And it happened that while they were conversing and debating,
Jesus himself drew near and walked with them,
but their eyes were prevented from recognizing him.
He asked them,
“What are you discussing as you walk along?”
They stopped, looking downcast.
One of them, named Cleopas, said to him in reply,
“Are you the only visitor to Jerusalem
who does not know of the things
that have taken place there in these days?”
And he replied to them, “What sort of things?”
They said to him,
“The things that happened to Jesus the Nazarene,
who was a prophet mighty in deed and word
before God and all the people,
how our chief priests and rulers both handed him over
to a sentence of death and crucified him.
But we were hoping that he would be the one to redeem Israel;
and besides all this,
it is now the third day since this took place.
Some women from our group, however, have astounded us:
they were at the tomb early in the morning
and did not find his Body;
they came back and reported
that they had indeed seen a vision of angels
who announced that he was alive.
Then some of those with us went to the tomb
and found things just as the women had described,
but him they did not see.”
And he said to them, “Oh, how foolish you are!
How slow of heart to believe all that the prophets spoke!
Was it not necessary that the Christ should suffer these things
and enter into his glory?”
Then beginning with Moses and all the prophets,
he interpreted to them what referred to him
in all the Scriptures.
As they approached the village to which they were going,
he gave the impression that he was going on farther.
But they urged him, “Stay with us,
for it is nearly evening and the day is almost over.”
So he went in to stay with them.
And it happened that, while he was with them at table,
he took bread, said the blessing,
broke it, and gave it to them.
With that their eyes were opened and they recognized him,
but he vanished from their sight.
Then they said to each other,
“Were not our hearts burning within us
while he spoke to us on the way and opened the Scriptures to us?”
So they set out at once and returned to Jerusalem
where they found gathered together
the Eleven and those with them who were saying,
“The Lord has truly been raised and has appeared to Simon!”

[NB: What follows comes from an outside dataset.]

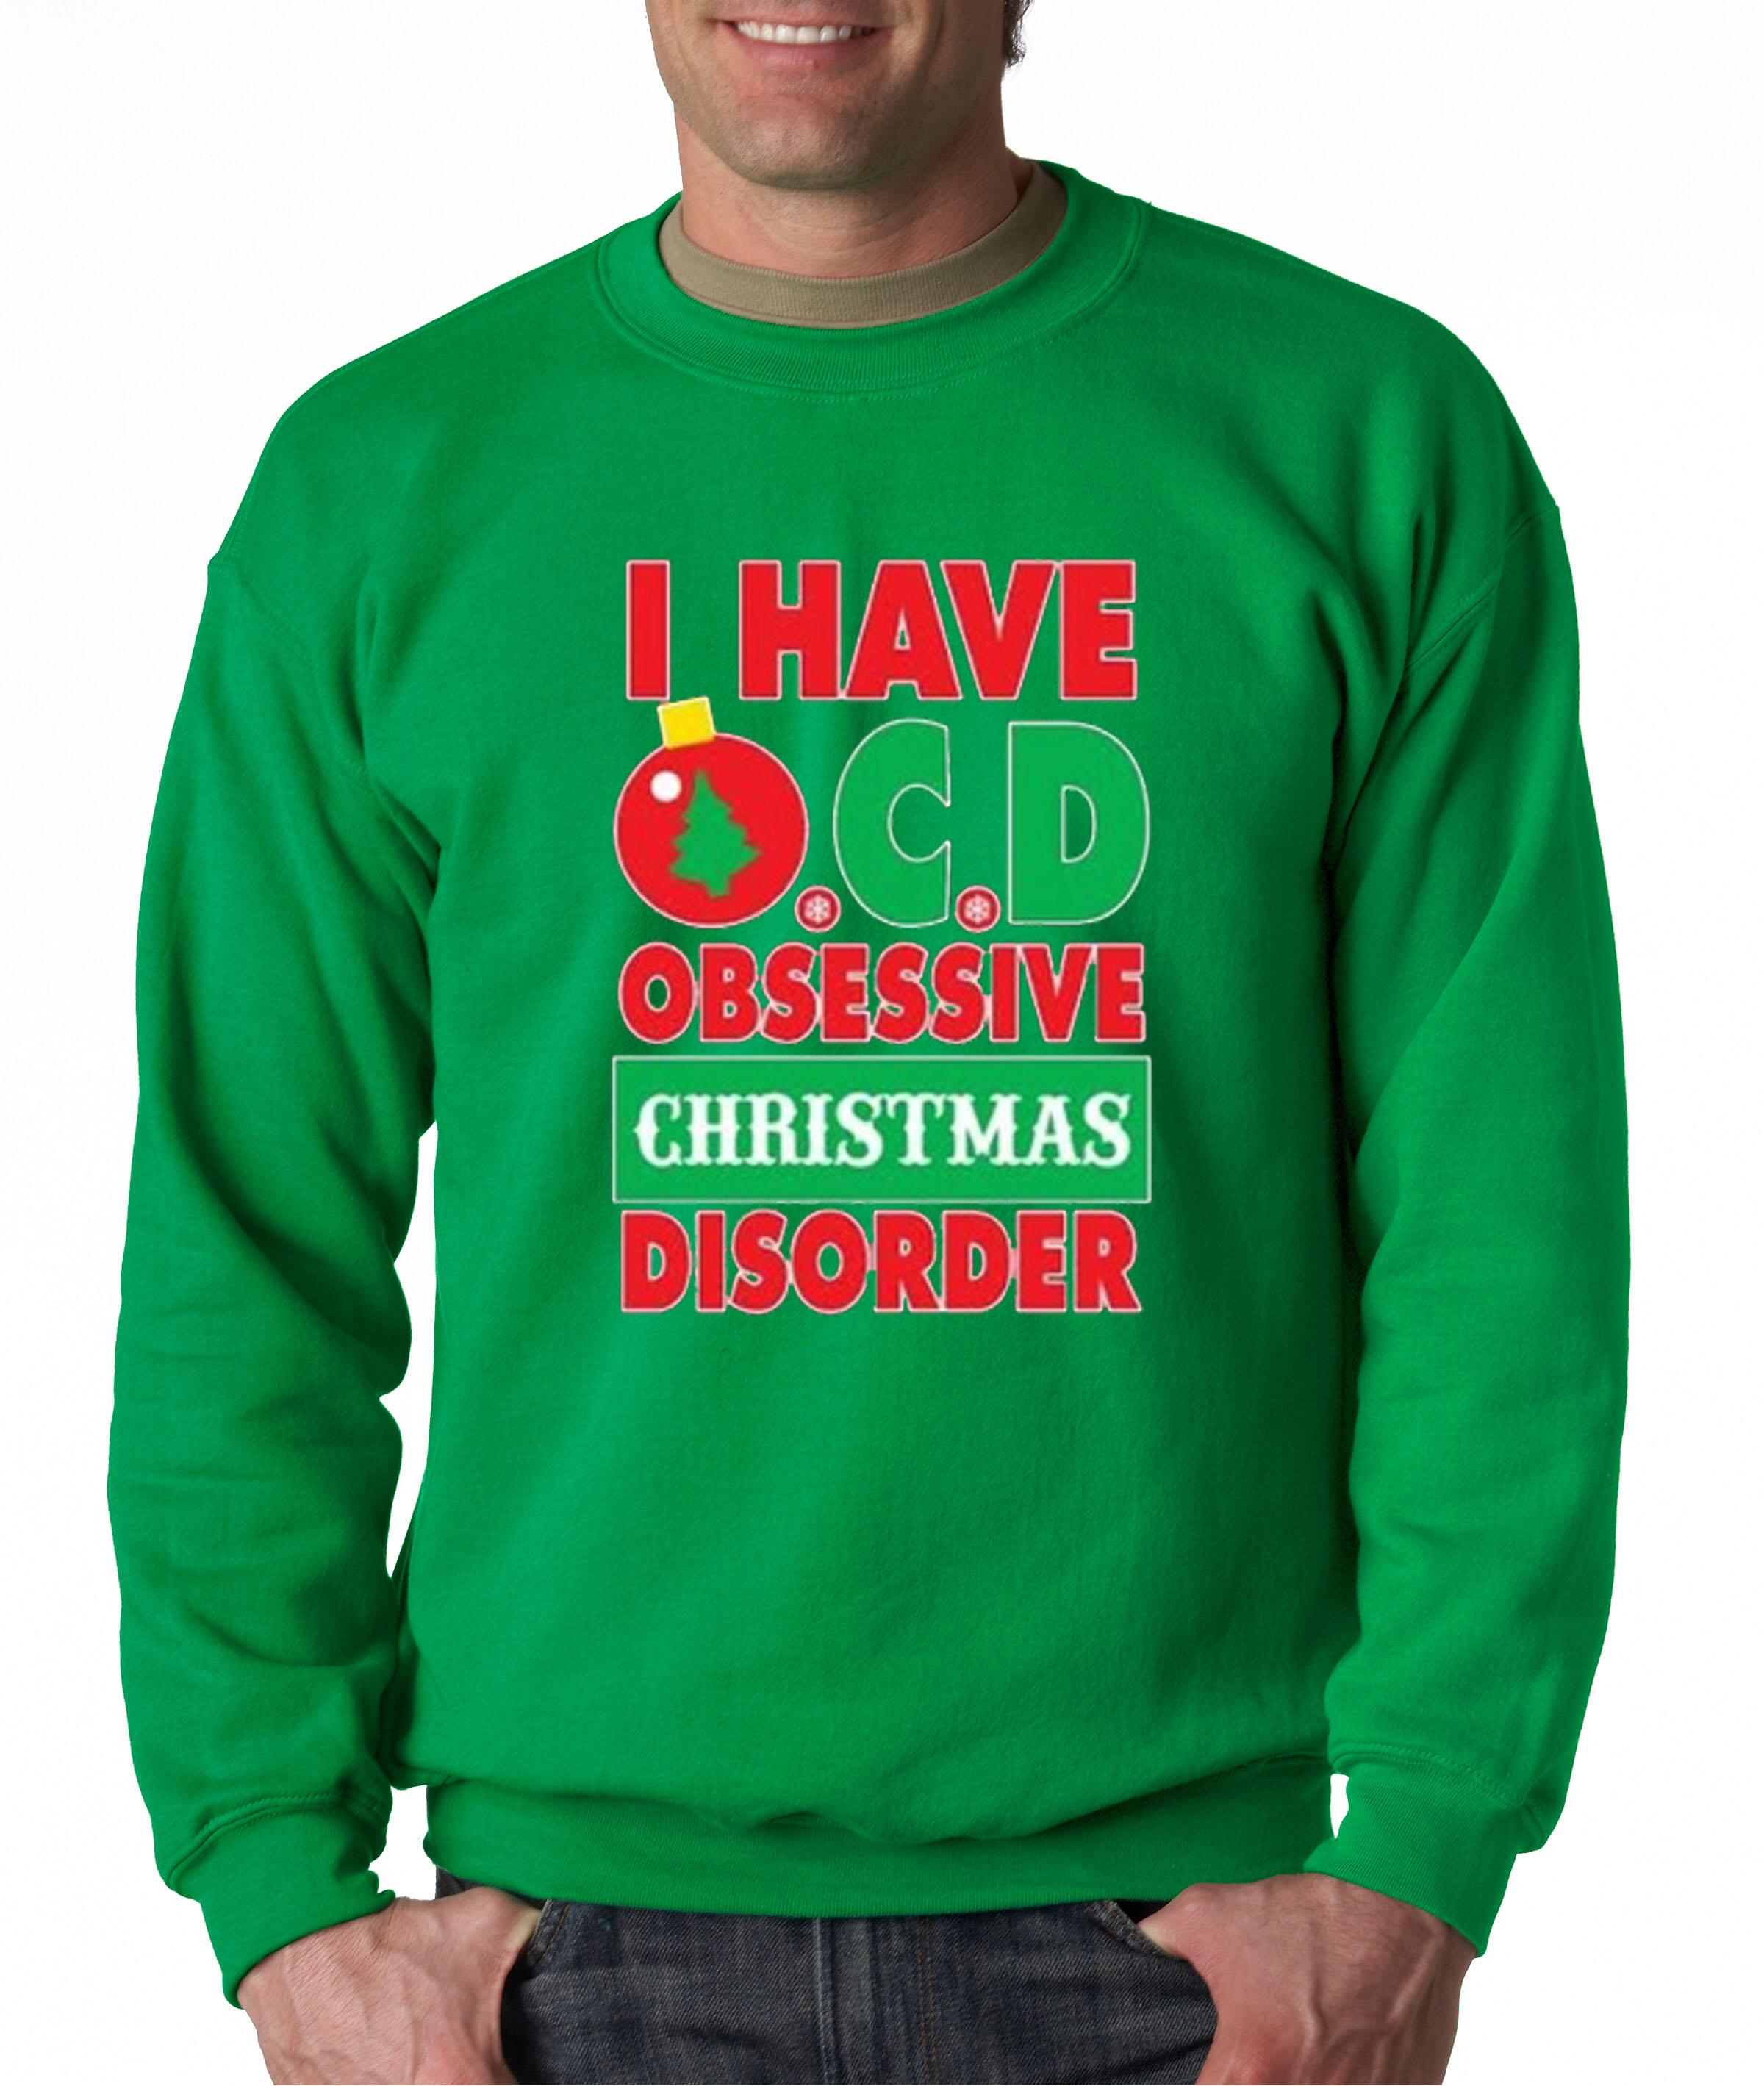 New Way 179 - Crewneck I Have Ocd Obsessive Christmas Disorder ...

Then the two recounted what had taken place on the way
and how he was made known to them in the breaking of the bread.

Commentary:
At one stage in my initial formation years, I was stuck in vocational doubts and had a hard time deciding which way to proceed. A priest-friend of mine then commented: “If you think too long about your next step, you might die standing on one leg.” Fair enough! Life is a mystery.
As mystery, “life is to be lived forward and understood backwards” (Kierkegaard). We make decisions informed by faith and morals. Some of them seemingly succeed, some others seemingly fail. But if we have built our lives on good foundations, we will eventually find that everything makes sense within the grand design of God. But this needs the wisdom to “understand backwards.” It is this backward understanding that Jesus is providing to the two disciples on their way to Emmaus. Once they develop such hindsight, their hearts burn in recognition of God and His works, and they embrace their life ahead with passion and delight.
How good is your hindsight? Does it liberate you to embrace God’s gift of life with its many mysteries—joyful, sorrowful, glorious, and luminous?

Blessing
With the Gospel of today, could we say together with the disciples of Emmaus: “Were not our hearts burning within us, when Jesus was walking with us on the road and speaking his Good News to us?” May the Almighty God bless you, the Father, and the Son, and the Holy Spirit. Amen!